Although the pathophysiology of TBI-induced ALI is unclear, it may relate specifically to the release of the DAMPs in nervous system. DAMPs are a family of molecules that are released in response to sterile inflammation, such as TBI [27]. A previous study illustrated that TBI causes injury of the cerebral vasculature resulting in the disruption of the blood-brain barrier. The secreted inflammatory mediators, such as DAMPs released by injured cells, trigger further brain inflammation and affect distal organs including the lungs [2]. HMGB1, a type of DAMPs, belongs to a family of non-histone chromosomal proteins. When it is not acetylated, HMGB1 remains localized in the nucleus, and is not secreted or released regardless of injury or insult [28]. However, hyper-acetylation of the molecule results in cytosolic relocation, allowing for further secretion into the cellular milieu under proper signaling stimulation [29]. HMGB1 leads to the activation of the nuclear factor (NF)-κB pathway with the generation of inflammatory cytokines through binding to the RAGE receptor [23]. HMGB1-RAGE signal pathway plays a pivotal role in the development of TBI-induced ALI [16]. In this study, compared with the administration of Dex, serum HMGB1 level and the expression of RAGE in lung tissues were significantly increased after TBI. Previous studies showed that the neutralization of HMGB1 or genetic knockout of the RAGE receptor has been shown to attenuate post-TBI lung injury and hypoxia [16,30]. Since our results proved that Dex negatively regulated HMGB1-RAGE pathway, it can be inferred that the mechanism of Dex in TBI-induced ALI may be partly through the regulation of HMGB1-RAGE pathway.

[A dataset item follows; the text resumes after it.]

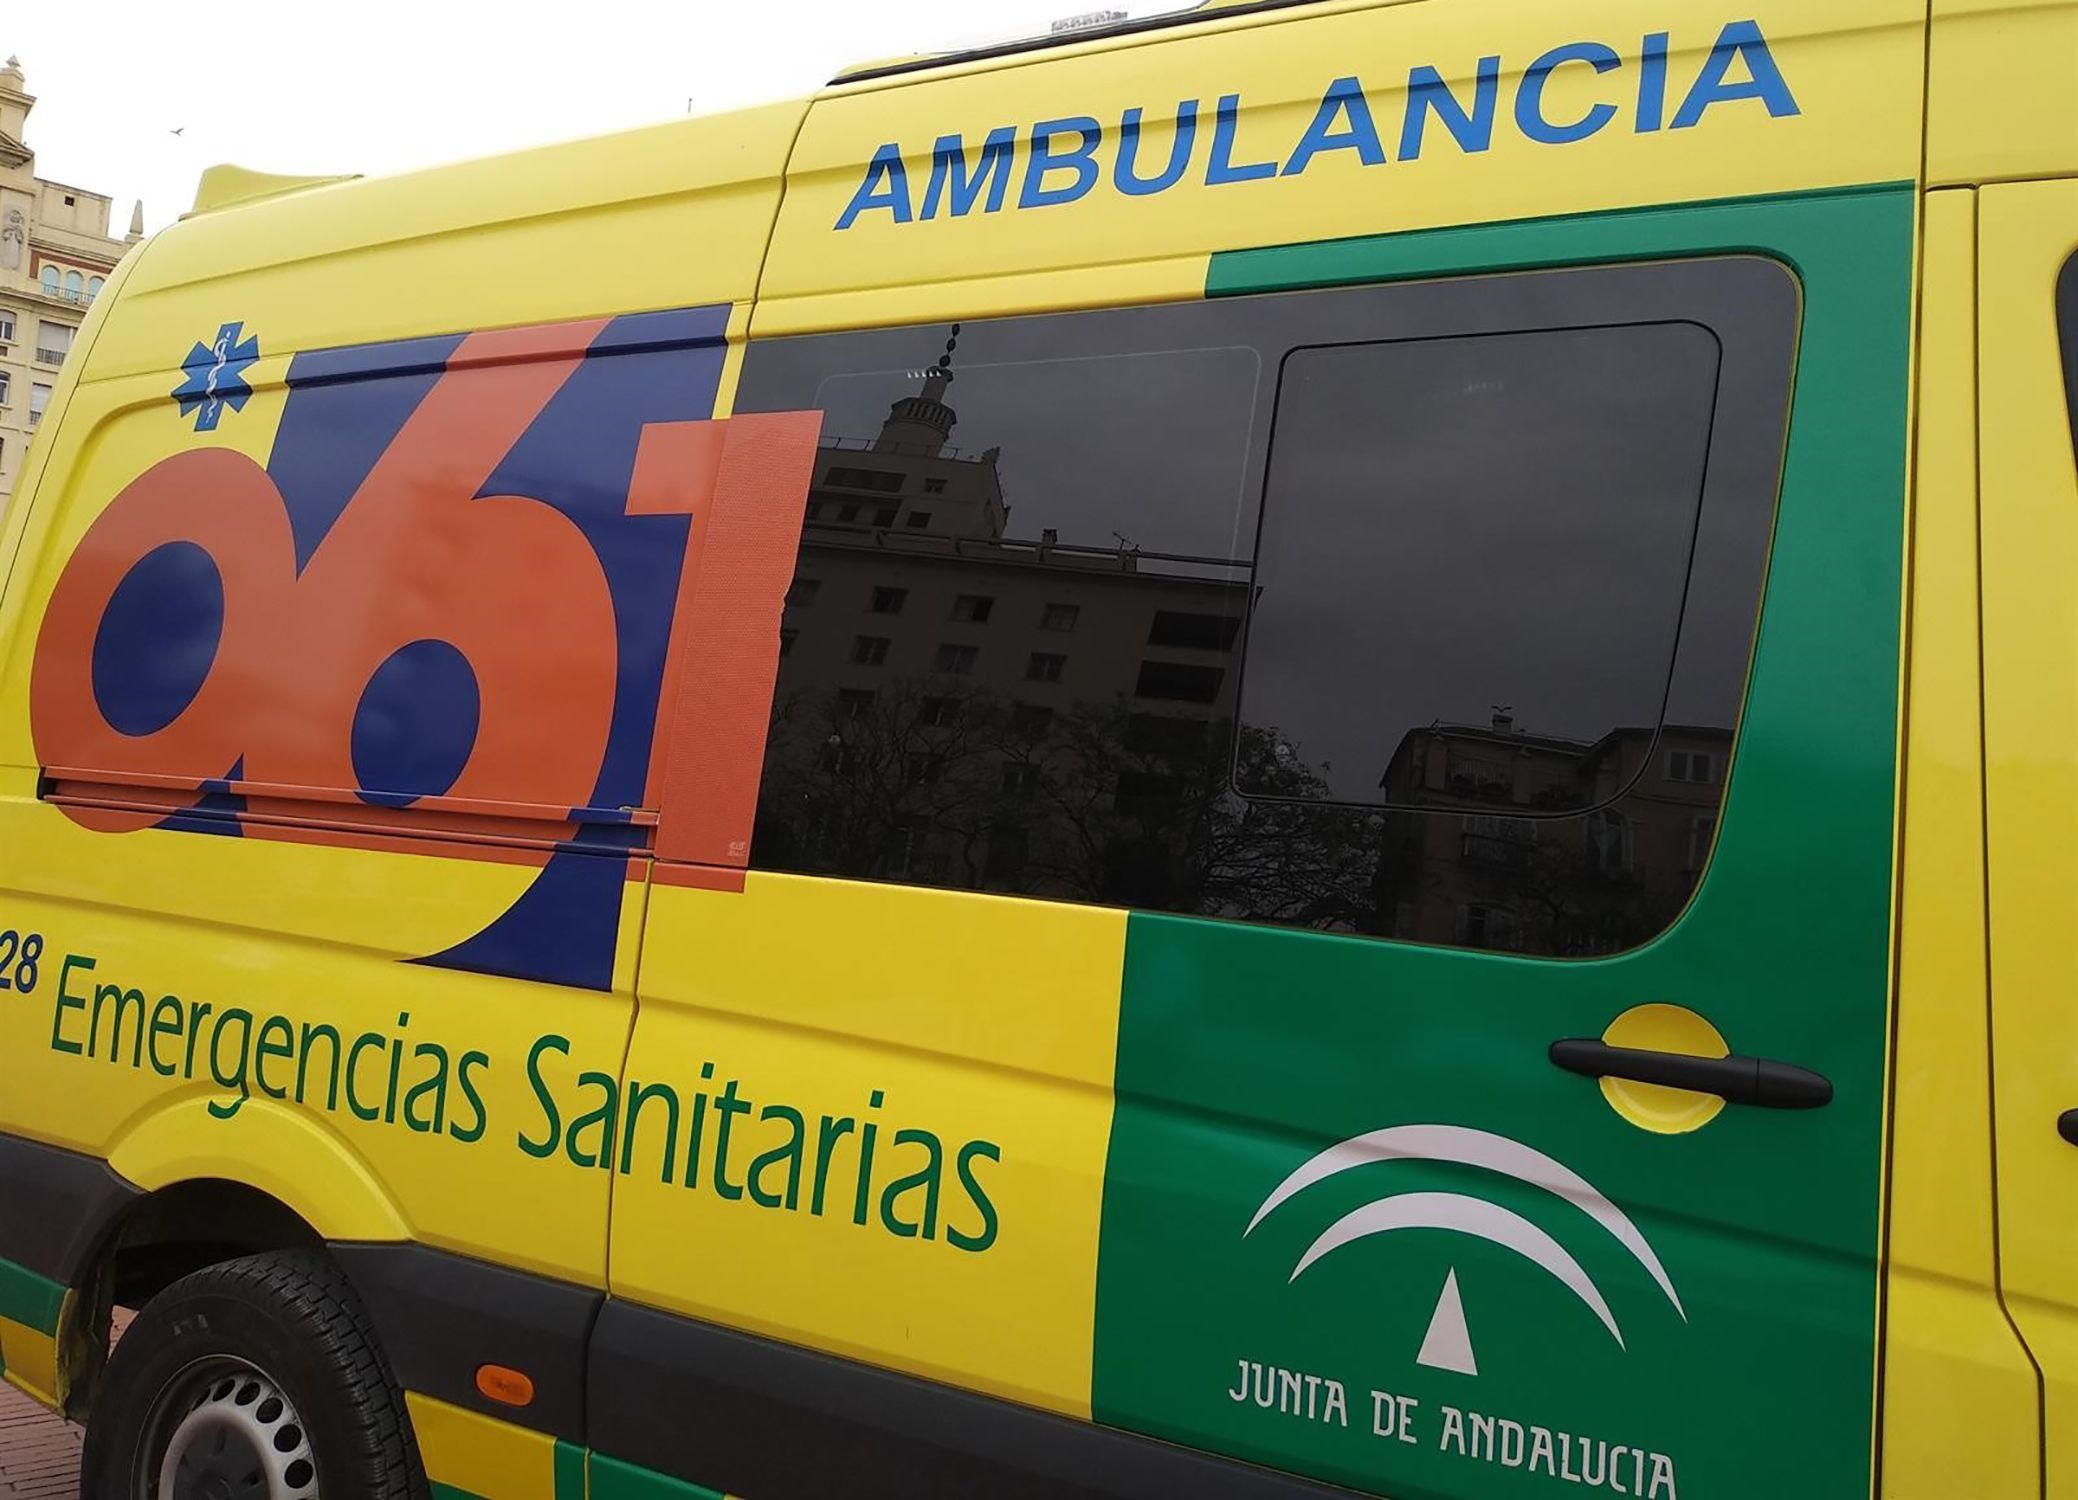 Ambulància 061 Andalucia / EFE

It is well known that Dex is a highly selective α2 adrenergic receptor agonist. Therefore, we used Atip, an α2 adrenergic receptor antagonist, to determine whether the protective effect of Dex on TBI-induced ALI in mice was related to its α2 adrenergic receptor activating effect [31]. Results showed that Atip partly reversed serum HMGB1 levels and the expression of RAGE in lung tissues. Accordingly, TBI-induced ALI was also partly reversed by Atip. These results suggested that Atip partly reversed the protective effect of Dex. Based on these findings, we concluded that Dex may protect against TBI-induced ALI in mice via the HMGB1-RAGE signal pathway, and this protective effect is partly dependent on its α2 adrenoceptor agonist action.

Our study had several limitations. First, although we found the protective effects of Dex on TBI-induced acute lung injury, we did not further study how Dex interacted with the HMBG1-RAGE pathway. Second, we adopted only 1 time point (24 hours after TBI) and 1 dosage of Dex (50 μg/kg). We did not further discuss whether changing the dose of Dex or the time points will lead to different results. At last, our study only put focus on the activation of the HMBG1-RAGE pathway. However, whether other pathways, such as NF-κB and MAPK signals, was involved needs to be clarified in future studies.

Conclusions

Our study suggested that Dex administration could decrease TBI-induced ALI in mice models. The protective effects may act through the regulation of the HMGB1-RAGE pathway, which is partly dependent on the α2 adrenoceptor agonist action of Dex. Further studies are warranted to investigate the detailed molecular pathways of Dex in protecting against TBI-induced ALI.